Rishi Sunak faces a showdown with MPs over his Rwanda Bill when it returns to the Commons next week, with around 30 MPs prepared to back amendments aimed at toughening up the legislation.

Commons Leader Penny Mordaunt on Tuesday announced the Safety of Rwanda (Asylum and Immigration) Bill’s committee stage will take place on January 16 and 17.

The Prime Minister is under pressure from both sides of his party over the legislation, which is aimed at overcoming the Supreme Court’s objections to the stalled plan to deport some migrants to the African country.

Those on the right want the controversial legislation to be tightened, while more centrist Tories have threatened to oppose the Bill if it risks breaching international law.

Leading right-wing Tories, led by former immigration minister Robert Jenrick, have tabled amendments designed to tackle last-minute injunctions by the European Court of Human Rights and tighten the grounds on which illegal migrants can bring individual claims.

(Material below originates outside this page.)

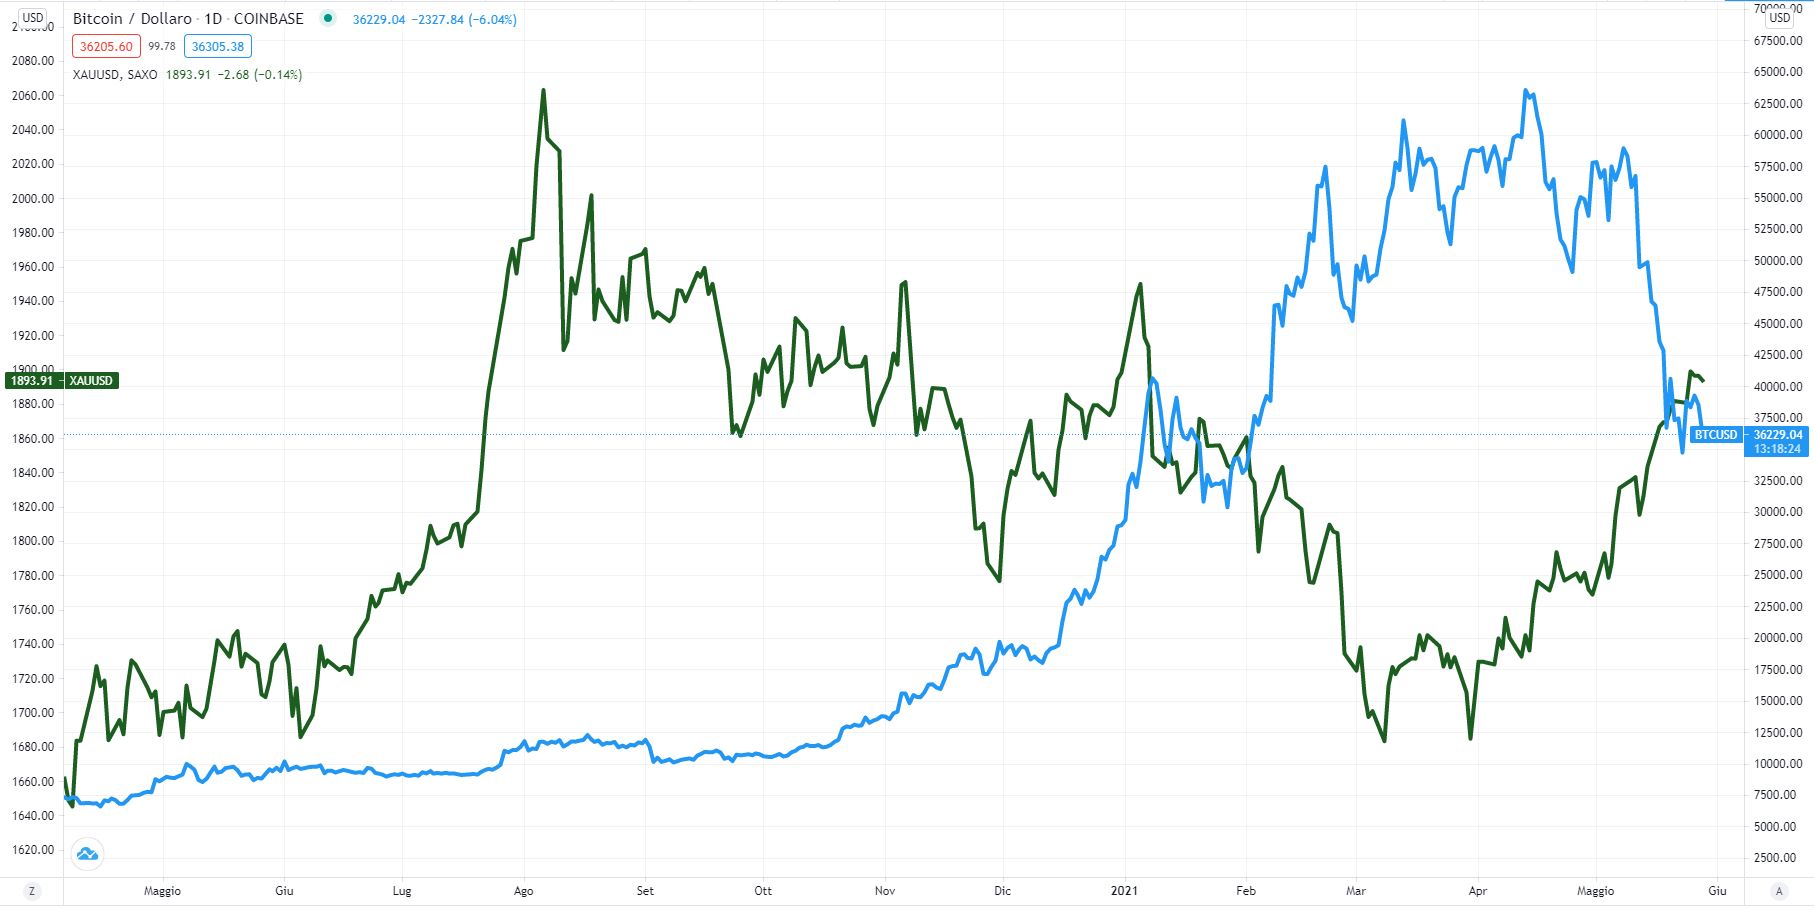 Prezzo oro ai massimi quadrimestrali dopo crollo del Bitcoin. Cosa dicono gli analisti

Writing in the Telegraph, right-wingers Danny Kruger and Miriam Cates said that the amendments were “proportionate, consistent with our international obligations, and have respectable legal arguments behind them”.

“As with the rest of the Bill, and the Rwanda plan in general, they are tough – because they need to be.”

Mr Sunak has said he would welcome “bright ideas” on how to improve the Bill, but has previously insisted it strikes the right balance with only an “inch” between his rescue plan and more radical measures that would risk Kigali pulling out of the scheme.

The legislation seeks to enable Parliament to deem Rwanda “safe” generally but makes limited allowances for personal claims against being sent to the east African nation under a clause disliked by Conservative hardliners.

Centrist former deputy prime minister Damian Green said the Prime Minister had assured him the Bill would not be strengthened.

“The Prime Minister’s looked me in the eye and said that he doesn’t want to go any further” and potentially break international law by ignoring its human rights obligations, he told the New Statesman.

Mr Sunak won a key Commons vote on his emergency draft law in December despite speculation about a major rebellion by Tory MPs.

But it faces further dissent during the upcoming parliamentary stages and heavy scrutiny in the Lords.

Meanwhile, Labour was defeated in its bid to force the Government to release documents relating to the scheme.

The Opposition motion asked for any documents that show the cost of relocating each individual asylum seeker to Rwanda as well as a list of all payments made or scheduled to be made to Rwanda’s government.

It also asked for the Government’s internal breakdown of the more than 35,000 asylum decisions made last year and an unredacted copy of the confidential memorandum of understanding ministers reached with the East African country.

But MPs voted 304 to 228, majority 76, to reject the proposal.